As anyone who has worked on grant-supported projects can attest, time and effort reports are detailed accounts of how people who receive grant support spend their days. Personnel whose salaries are partly or entirely grant-supported are supposed to spend a proportionate amount of their time on grant-related activities. That means that someone whose salary is half Perkins funded and half college funded is supposed to spend two and a half days per week on grant activity.

While I can appreciate the idea behind time and effort reports – they're a way to prevent 'supplanting' college resources with grant money – they're untenably detailed, and they focus on the wrong thing. They focus on inputs, rather than outputs. They reward “but I tried really hard!,” as opposed to “I got it done.” And the paperwork involved in doing them is non-trivial.

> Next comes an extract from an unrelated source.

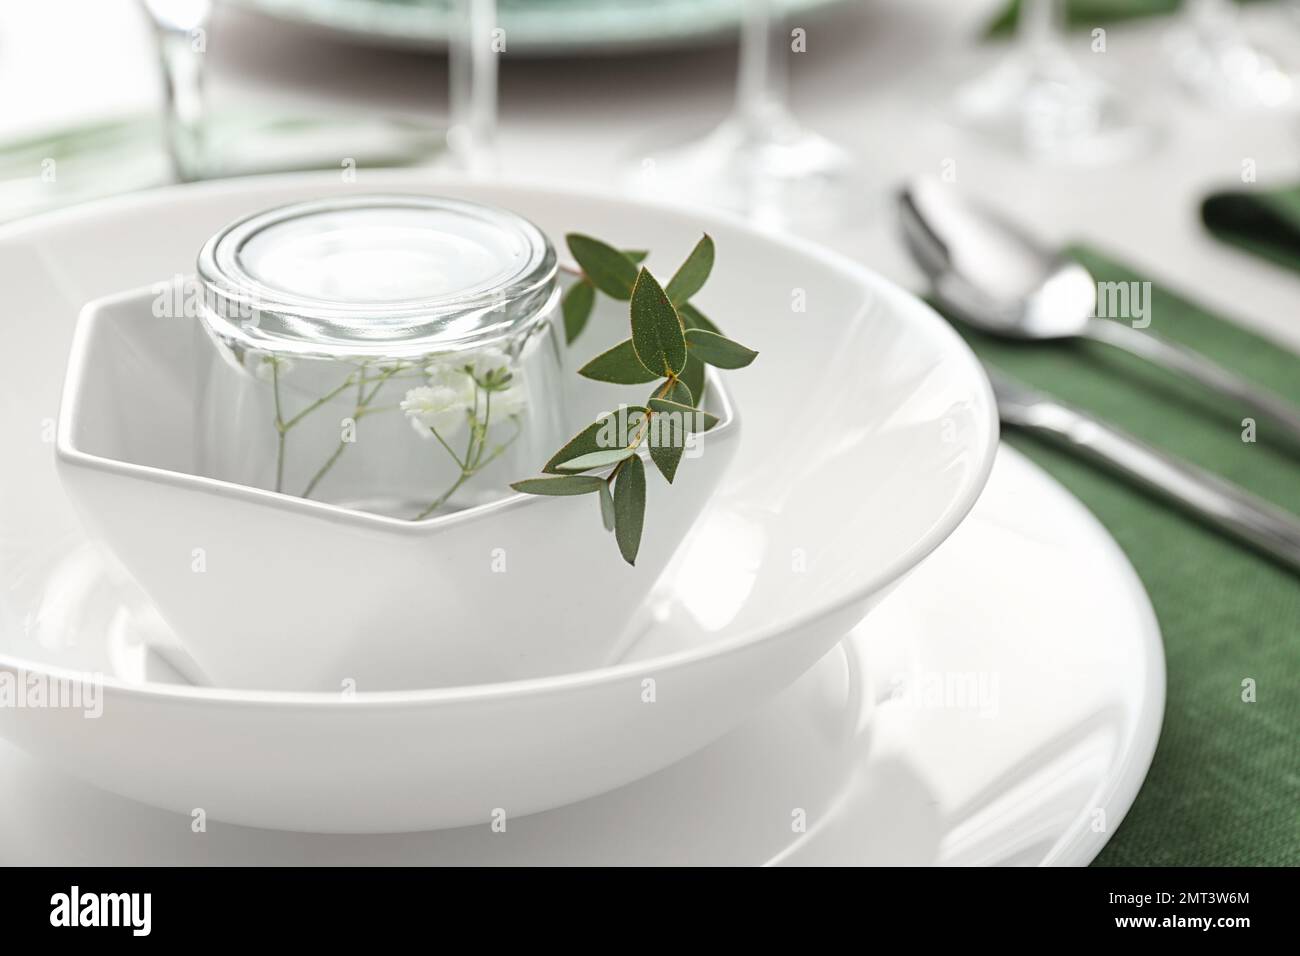 Stilvolles Geschirr mit grünen Blättern auf dem Tisch, Nahaufnahme.  Festliches Ambiente Stockfotografie - Alamy

Here's an alternative proposal. Instead of the quasi-Taylorist tracking mechanism of counting fractions of hours, measure and reward outcomes. And instead of worrying about 'supplanting,' worry about getting the job done.

We could make far more efficient use of resources if we didn't have to 'wall off' certain people at certain times, and produce timecards attesting to that. And the argument against 'supplanting' strikes me as misbegotten when the states are slashing our budgets. One could make a pretty compelling argument that the entire point of fiscal stimulus money is to 'supplant' money otherwise lost to the Great Recession. To the extent that we can redirect resources to core functions, rather than walling off everything new into isolated silos, we have a better shot at improving outcomes. And if the outcomes still don't improve, then by all means, do what you have to do.

I hope you read this in the spirit of making a good idea better. Grants are great, but they could be even more productive if they stopped focusing on the wrong stuff.